#### [Extracted entries]
= Beginning of Section =
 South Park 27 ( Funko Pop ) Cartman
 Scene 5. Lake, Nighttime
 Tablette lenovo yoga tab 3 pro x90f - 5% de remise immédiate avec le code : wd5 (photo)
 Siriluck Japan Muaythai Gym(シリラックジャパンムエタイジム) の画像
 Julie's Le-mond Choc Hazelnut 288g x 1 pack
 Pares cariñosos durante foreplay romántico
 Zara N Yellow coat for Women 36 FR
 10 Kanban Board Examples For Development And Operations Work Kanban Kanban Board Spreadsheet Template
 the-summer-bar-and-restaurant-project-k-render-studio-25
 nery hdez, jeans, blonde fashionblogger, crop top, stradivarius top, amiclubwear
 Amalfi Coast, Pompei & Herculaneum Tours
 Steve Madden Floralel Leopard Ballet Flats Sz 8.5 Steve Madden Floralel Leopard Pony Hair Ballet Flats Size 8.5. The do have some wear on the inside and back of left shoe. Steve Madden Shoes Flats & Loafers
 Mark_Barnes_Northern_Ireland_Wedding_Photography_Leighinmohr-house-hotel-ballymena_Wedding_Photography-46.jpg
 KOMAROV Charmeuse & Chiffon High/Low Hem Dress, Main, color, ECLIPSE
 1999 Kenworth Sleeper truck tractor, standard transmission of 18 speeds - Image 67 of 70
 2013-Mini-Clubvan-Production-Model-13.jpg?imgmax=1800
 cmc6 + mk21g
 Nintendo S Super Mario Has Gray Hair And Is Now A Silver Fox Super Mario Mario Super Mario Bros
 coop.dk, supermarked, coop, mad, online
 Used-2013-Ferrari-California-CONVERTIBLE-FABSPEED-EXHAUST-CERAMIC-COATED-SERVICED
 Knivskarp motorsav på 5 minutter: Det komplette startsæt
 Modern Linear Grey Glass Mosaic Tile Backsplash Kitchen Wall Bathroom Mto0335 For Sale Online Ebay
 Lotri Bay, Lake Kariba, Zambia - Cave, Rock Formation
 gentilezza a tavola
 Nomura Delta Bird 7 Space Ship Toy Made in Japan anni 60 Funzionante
= End of Section =
#### [Directions]
Beginning with the opening line above, retype the records exactly through the line with "Steve Madden Floralel Leopard Ballet", both ends included.

#### [Solution for this problem]
 South Park 27 ( Funko Pop ) Cartman
 Scene 5. Lake, Nighttime
 Tablette lenovo yoga tab 3 pro x90f - 5% de remise immédiate avec le code : wd5 (photo)
 Siriluck Japan Muaythai Gym(シリラックジャパンムエタイジム) の画像
 Julie's Le-mond Choc Hazelnut 288g x 1 pack
 Pares cariñosos durante foreplay romántico
 Zara N Yellow coat for Women 36 FR
 10 Kanban Board Examples For Development And Operations Work Kanban Kanban Board Spreadsheet Template
 the-summer-bar-and-restaurant-project-k-render-studio-25
 nery hdez, jeans, blonde fashionblogger, crop top, stradivarius top, amiclubwear
 Amalfi Coast, Pompei & Herculaneum Tours
 Steve Madden Floralel Leopard Ballet Flats Sz 8.5 Steve Madden Floralel Leopard Pony Hair Ballet Flats Size 8.5. The do have some wear on the inside and back of left shoe. Steve Madden Shoes Flats & Loafers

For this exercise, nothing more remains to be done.